In the late 1930s and early 1940s, the Supreme Court embraced a broad view of “commerce,” ruling that congressional power to regulate the economy wasn’t strictly confined to interstate commercial activities. The justices announced that congressional power could extend to intrastate activity, upholding federal regulation of wheat produced on a family farm - even when the wheat was grown for consumption only on the farm.

That landmark 1942 decision called Wickard v. Filburn opened the door for congressional regulation reaching down to the state and local level - as long as whatever was being regulated had an impact on “commerce,” as it was broadly defined by the high court.

This definition permitted an explosive growth in national legislation that continued unabated until 1995, when the justices by a 5-to-4 vote struck down the Gun-Free School Zones Act. In 2000, the same 5-to-4 majority invalidated a portion of the Violence Against Women Act that authorized victims of gender-motivated violence to sue their attackers in federal court.

Many analysts say the medical- marijuana case places the high court at a crossroads. It can either continue the trend begun with its rulings in 1995 and 2000, or it can step back and authorize what some say would be even broader federal power at the expense of state sovereignty. “If the court upholds [the Justice Department’s] claim of federal power, this case will supplant Wickard to become the most expansive interpretation of the commerce clause since the founding,” say Robert Long Jr. and Professor Barnett in their brief to the court on behalf of Raich and Monson.
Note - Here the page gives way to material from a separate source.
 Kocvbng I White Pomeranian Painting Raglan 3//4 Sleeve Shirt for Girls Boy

Acting Solicitor General Paul Clement says the medical use of marijuana cannot escape congressional regulation any more than farm-consumed wheat did in the Wickard case. If the federal government were unable to enforce federal drug laws within a particular state, it would undercut Congress’s goal of effectively countering the illicit trade in narcotics.

“[Raich and Monson’s] conduct is economic activity because it occurs in, and substantially affects, the marijuana market generally,” Mr. Clement says in his brief.
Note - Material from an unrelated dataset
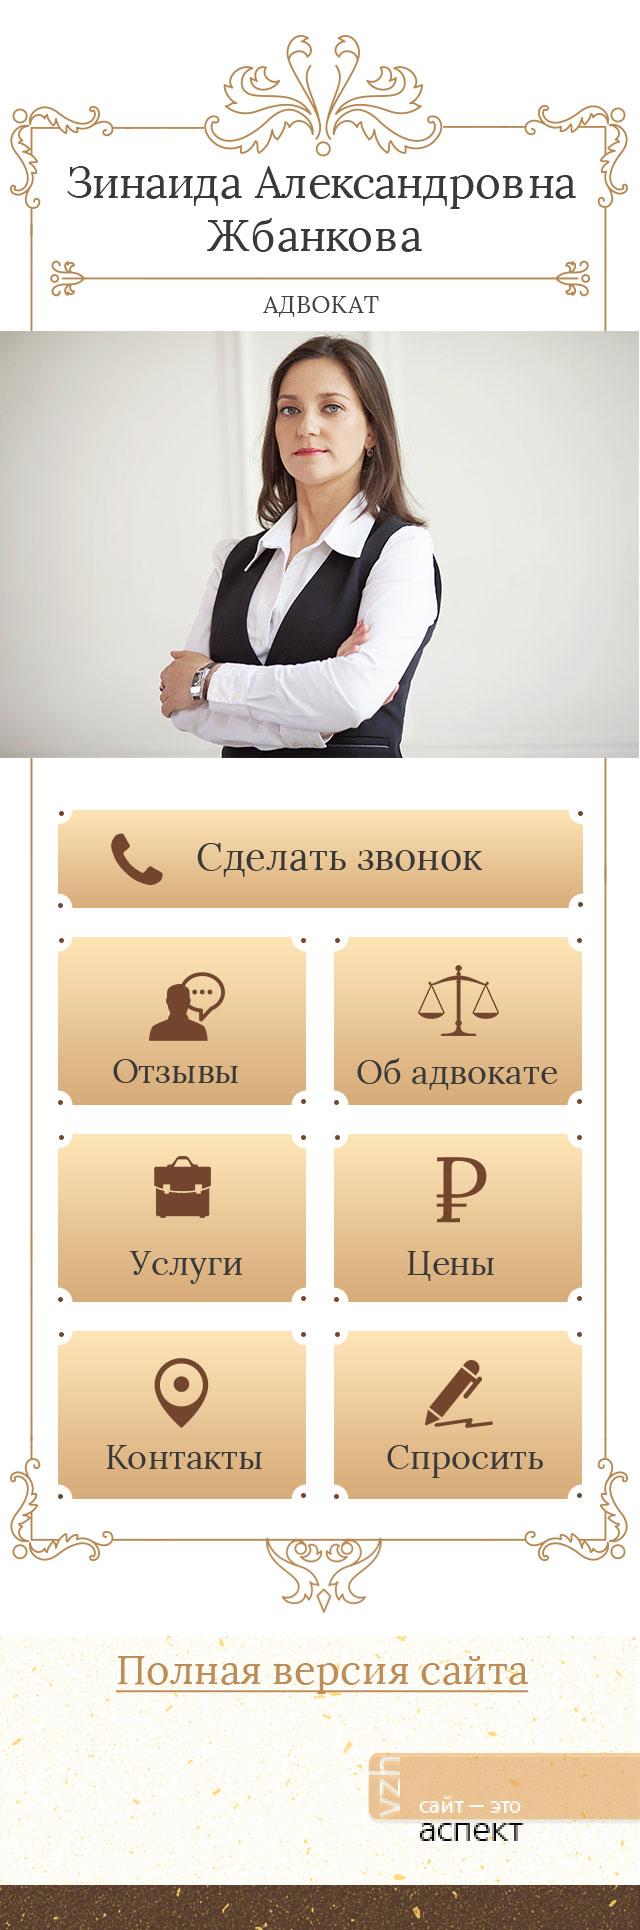 b2b сайты примеры Адвокат Жбанкова 320 px

Lawyers for Raich and Monson disagree. Monson grows her own marijuana at home. Raich, who is unable to grow her own, is supplied marijuana free of charge by two growers who use only supplies originating in or manufactured in California.

Some analysts are raising questions about the potential broad impact of a ruling in favor of Raich and Monson. They suggest that it could complicate enforcement of federal child-pornography laws and other statutes.

Barnett says such concerns are overblown: Cases involving possession of child pornography within one state could be turned over to state prosecutors.